We recently invested in a server for the sole purpose of solving engineering simulations in Simulia Abaqus (FEA). This server was to be an upgrade to our existing server. For the types of simulations we do, the time required for the simulations scale inversely with the number of cores. We went from 6 cores on a CPU released in 2014 to 32 cores on a CPU released in 2017 and were expecting to realize ~5x increase in speed (solve in 20% of the time). However, we've only realized about 2x increase in speed (solving in 50% of the time). This is much slower than we were expecting.
As a test, we ran the same simulation in the same version of the software on new and old server using 6 cores for both. The new server took 15.5 hrs to solve, while the old server took just 6 hrs to solve (again, both using 6 cores). For this test, we expected the new server to solve in ~6 hrs.
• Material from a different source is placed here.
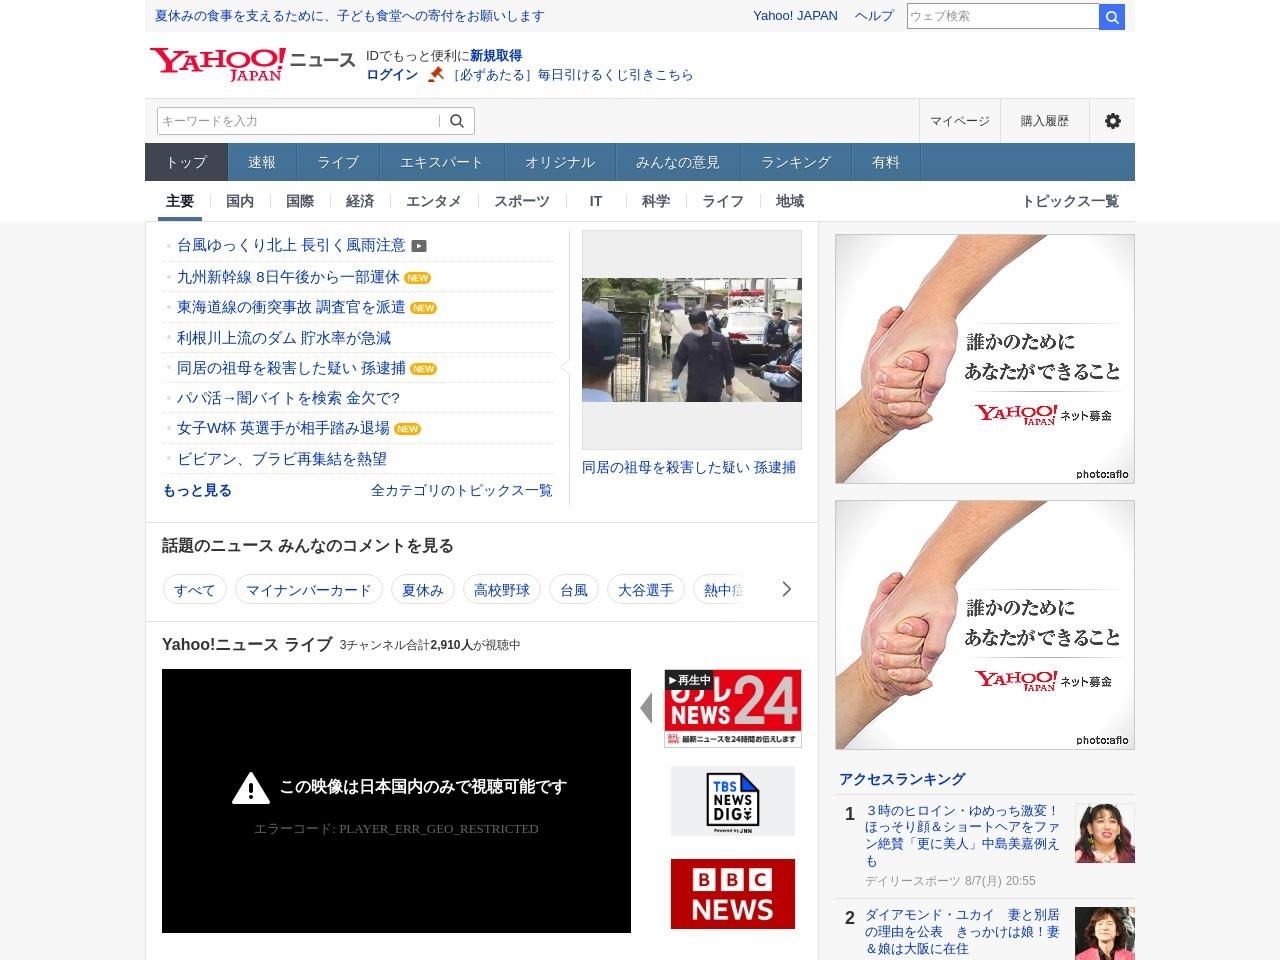 https://headlines.yahoo.co.jp/article?a=20181104-00009566-bunshun-ent

We're hoping to get some help to determine why this is the case and if/how we can speed things up.
New System Specs:
Dell Poweredge R7425
CPUs: 2x Epyc 7351 (16C/32T)
RAM: 192GB DDR4 2666 (12x 16GB)
OS Storage: 480GB SATA SSD
Data Storage: 1.6TB NVMe SSD
OS: CentOS 7.7 (we've tried multiple kernels including 3.10)
PSU: Redundant 1100W (1+1)
Old System Specs:
CPU: 1x Xeon E5-2643v3 (6C/12T)
RAM: 128GB DDR4 1600 (8x 16GB)
OS Storage: 250GB SATA SSD
Data Storage: 2TB SAS HDD
OS: Windows Server 2012
For the program we're using (abaqus, a widely used FEA software), the number of threads to use is set manually. We tested both the new solver and the old solver using 6 threads. The new solver took 15.5 hrs to solve while the old solver took only 6 hrs to solve.
For reference, if we increase from 6 to 12 threads on the new solver, the run time is reduced from 15.5 hrs to 8 hrs, indicating that things are scaling as expected. Same if we go from 12 to 24, run time is reduced from 8 hrs to 4 hrs.
Abaqus comes with 2 different solvers: standard and explicit. Explicit scales rather well on many cores, and even scales on distributed memory systems. And it runs pretty well overall on 1st gen Epyc CPUs. "Standard" solver is a different beast entirely. If you had some options to control core binding, it would not be as bad. But most of the commands needed are undocumented, and do not always work as intended.
From my own testing, I would conclude that 1st gen Epyc with its complicated NUMA topology is just about the worst-case for this solver. It doesn't help that your server has a suboptimal memory configuration. Fixing that might give you some better -and more consistent- results, but it won't be a game-changer. 2nd gen Epyc might be, at least configured in NPS1 mode. But overall, no CPU available right now or in the foreseeable future would get you the performance increase you hoped for. Not for Abaqus standard solver.
Side-note: from my own testing, GPU acceleration can work pretty well for Abaqus standard. That's something to look into for cutting your solver times in half and more.
As flotus1 pointed out there are 2 different solvers for Abaqus.
Which one are you using?
As for the memory configuration we recommend that you run all 8 channels of memory per socket(especially on the NAPLES generation since there is no IO die)
The pinning of the threads/ranks is also critical to achieving optimal performance. Especially since the memory is less than 1 DIMM per channel.
My recommendation would be to try to get to a 1 DIMM per channel configuration with explicit pinning of the threads to see if this improves your situation.